─── DATASET EXCERPT ───
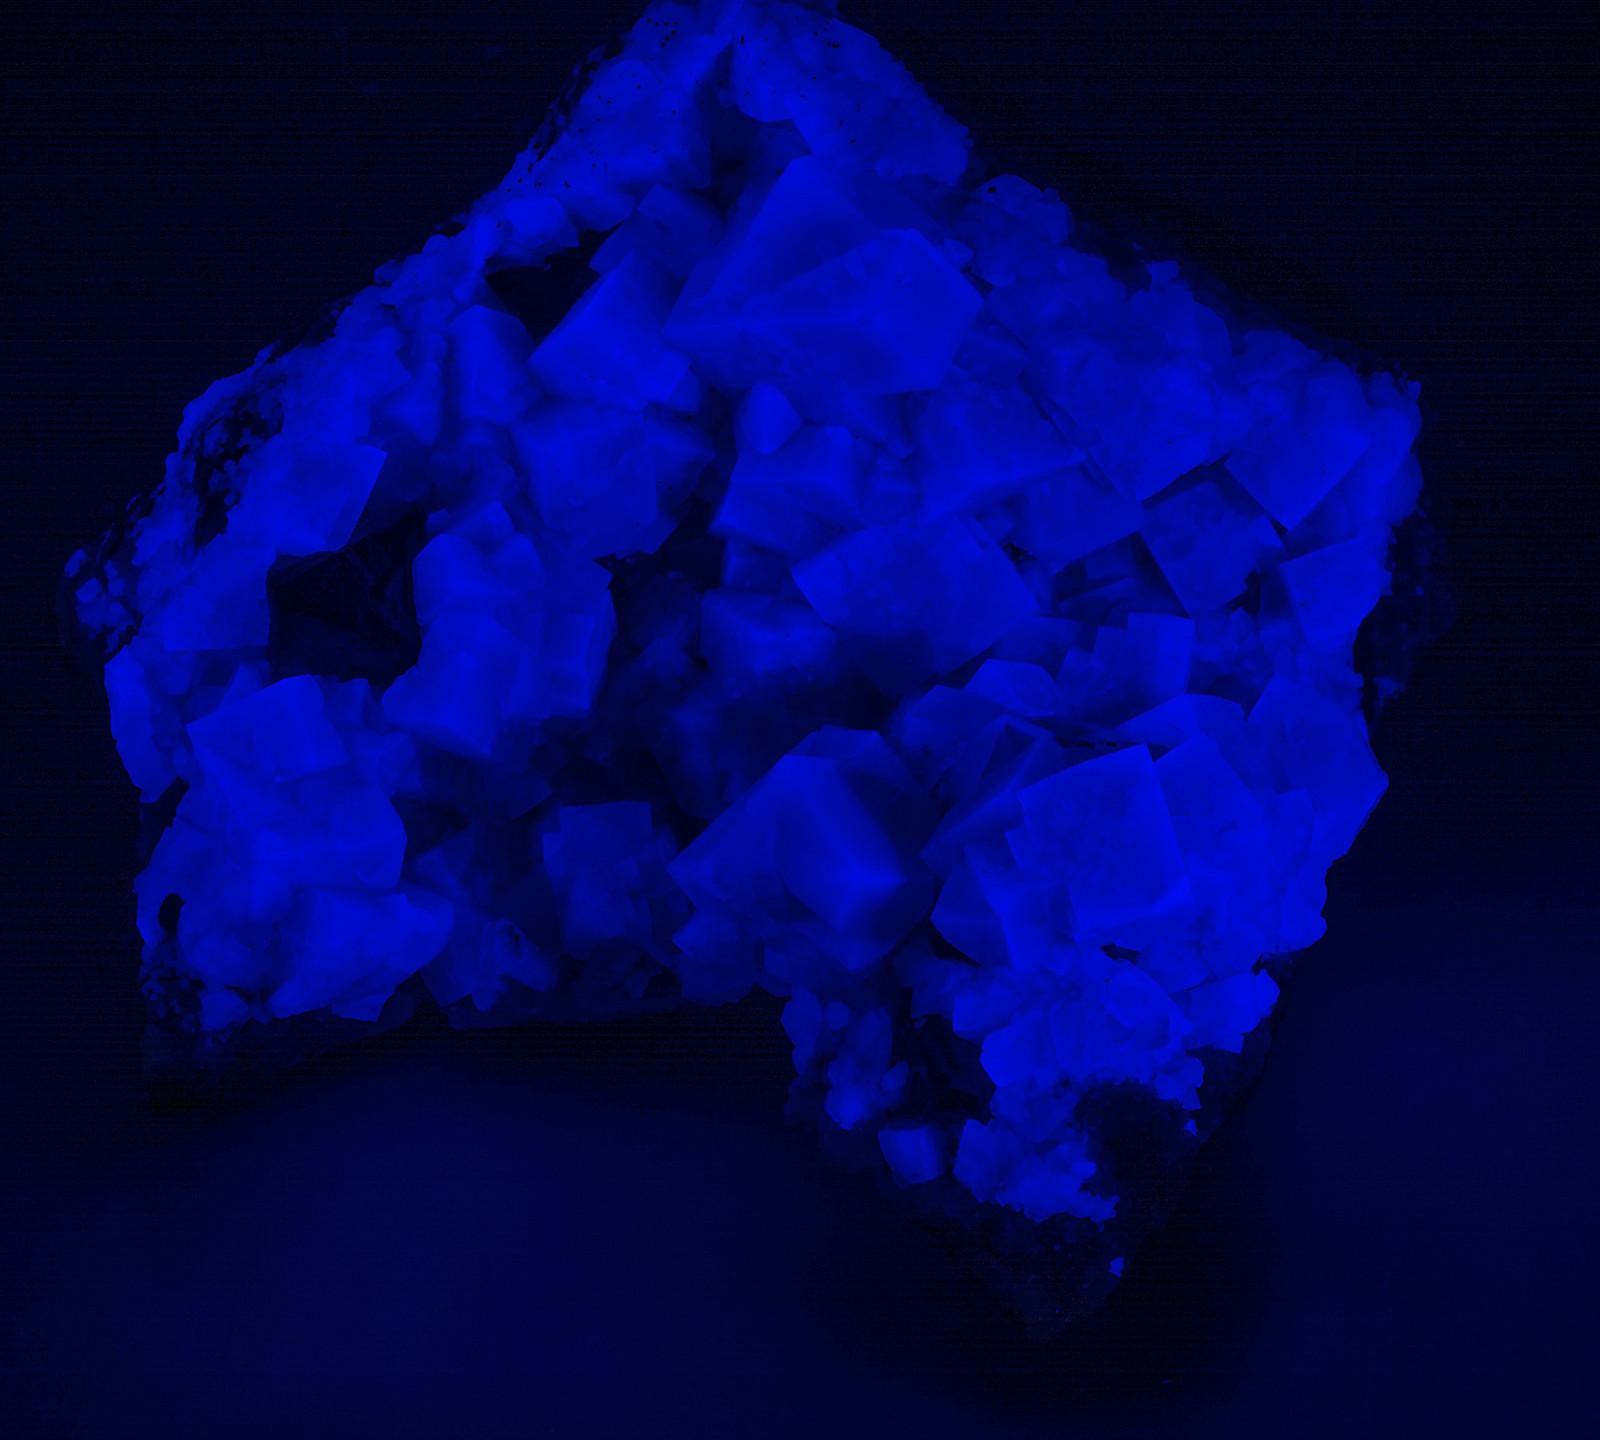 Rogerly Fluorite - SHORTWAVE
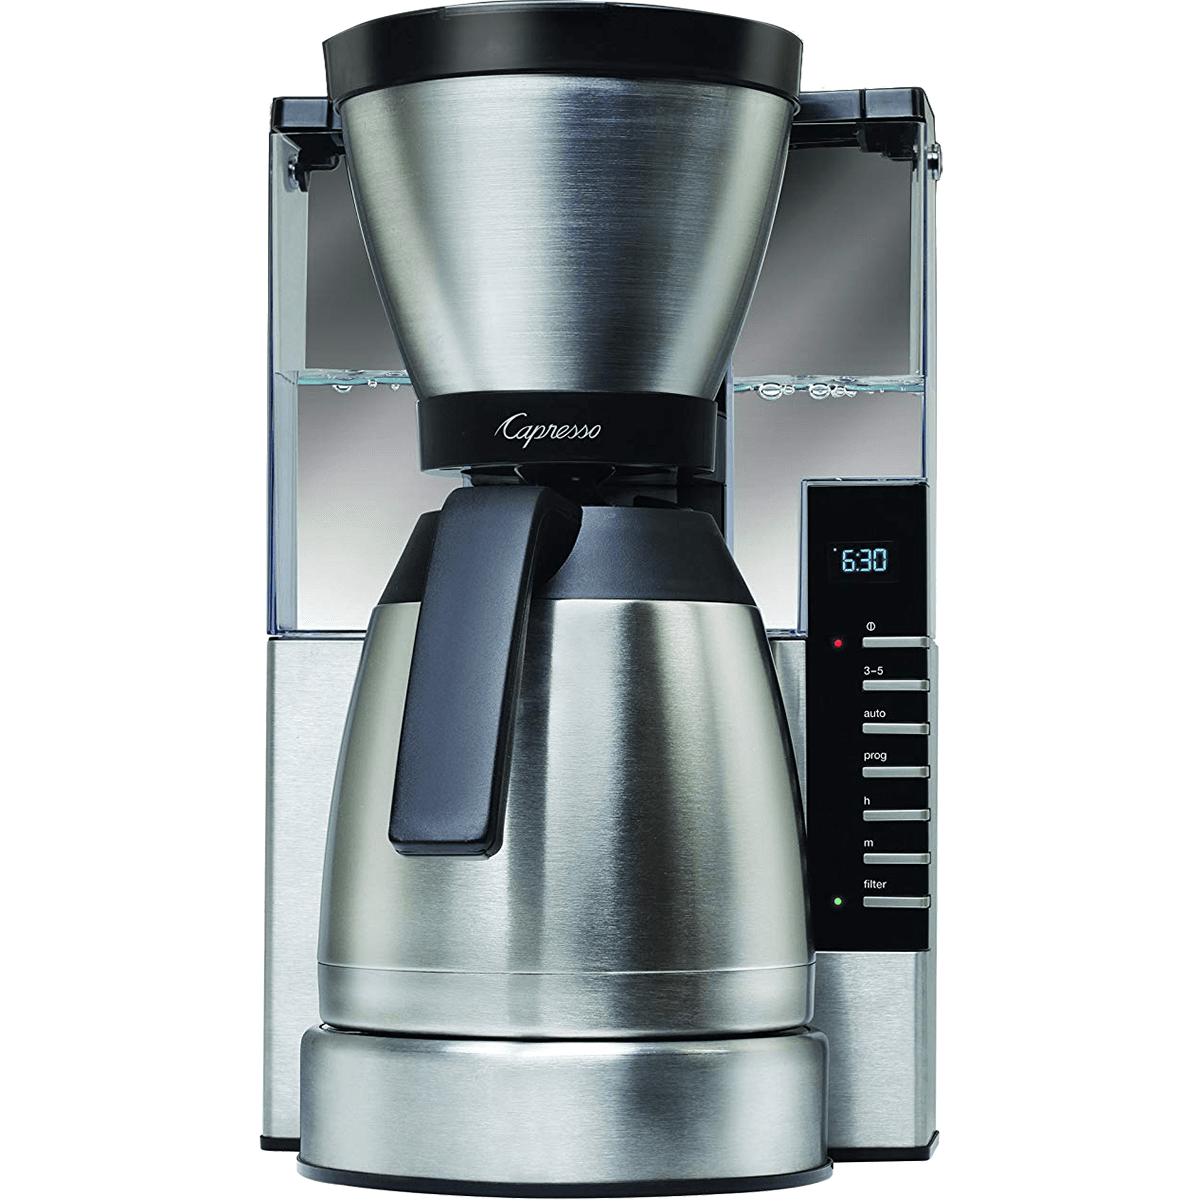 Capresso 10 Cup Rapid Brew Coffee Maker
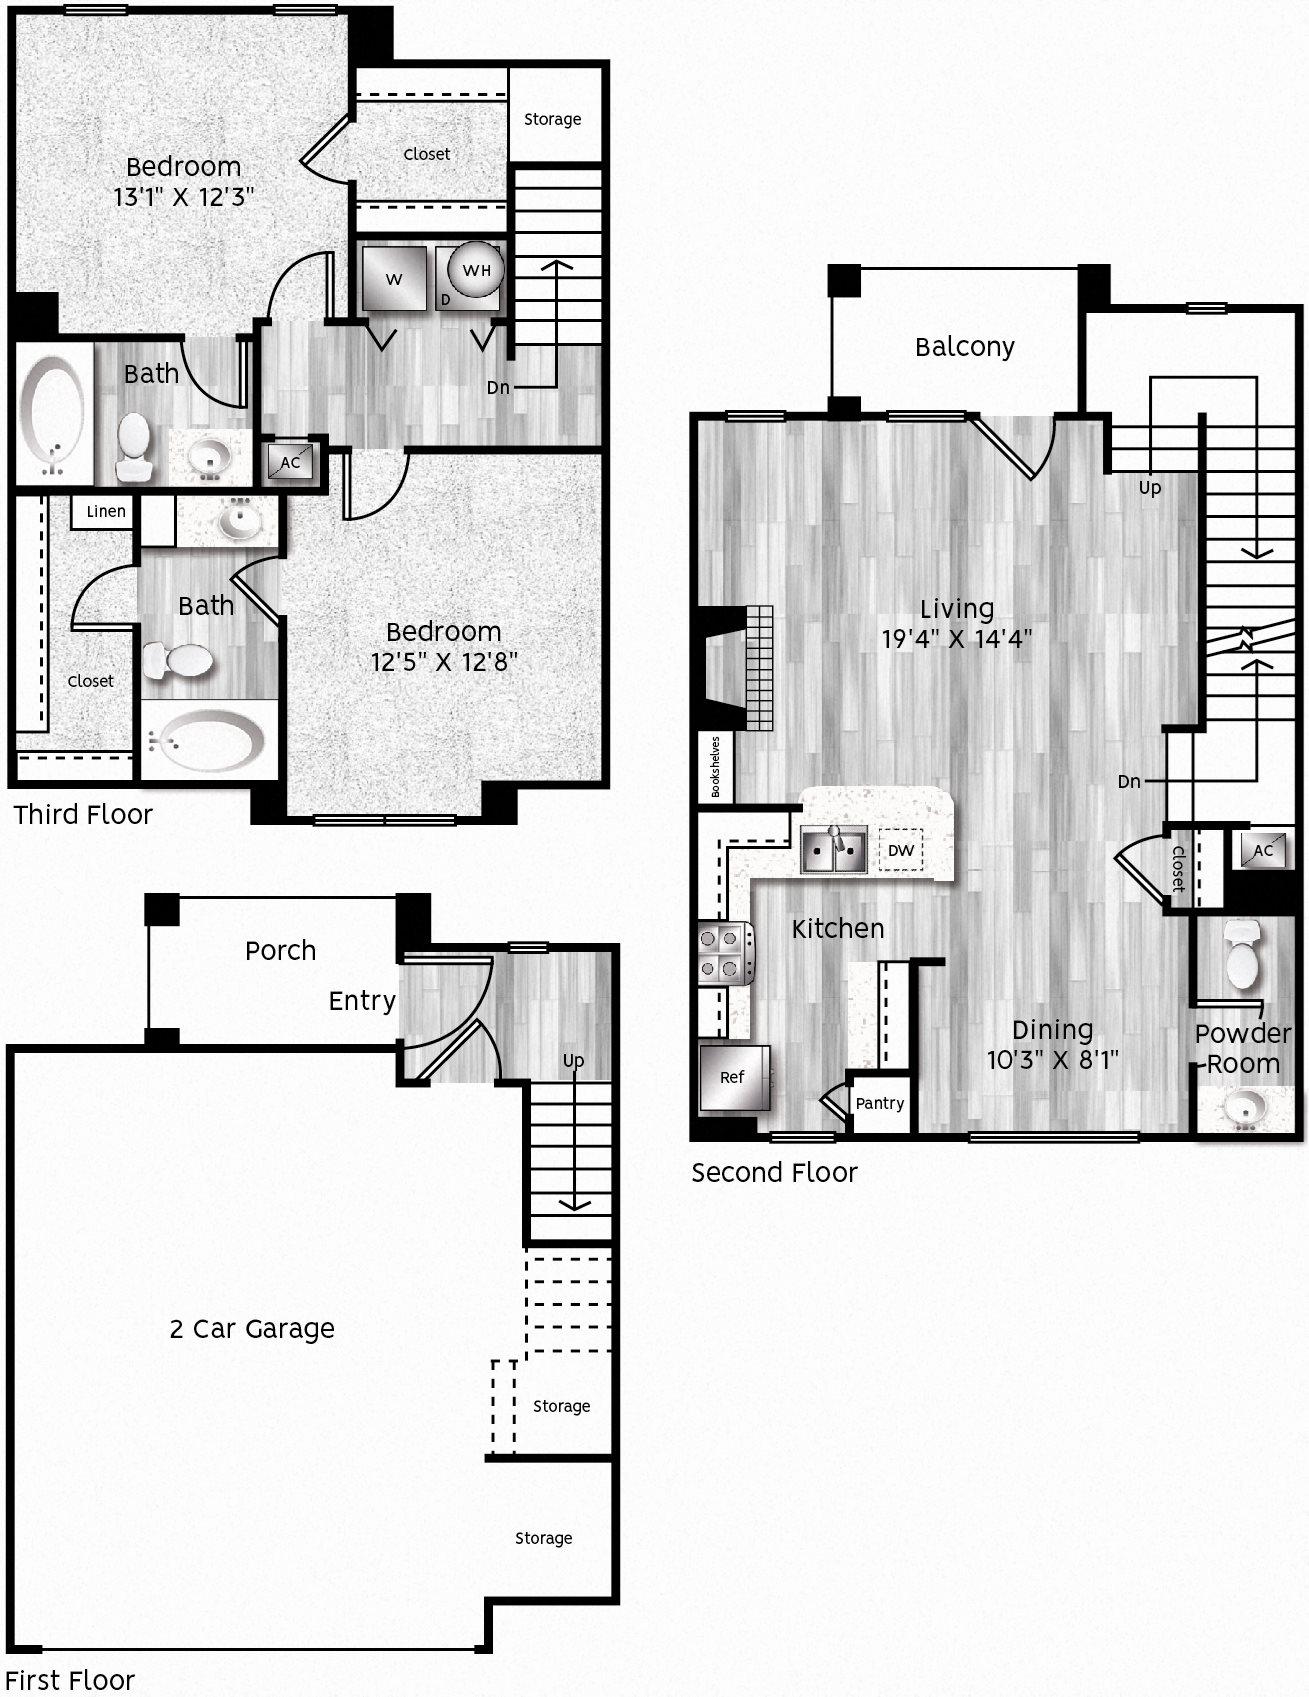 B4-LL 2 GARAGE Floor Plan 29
───
▸ REQUIRED WORK:
Only the lines from the line holding "Capresso 10 Cup Rapid Brew Coffee Maker" through the last line above belong in the answer, repeated exactly; the pictures do not.

▸ ANSWER FOR THE TASK:
 Capresso 10 Cup Rapid Brew Coffee Maker
 B4-LL 2 GARAGE Floor Plan 29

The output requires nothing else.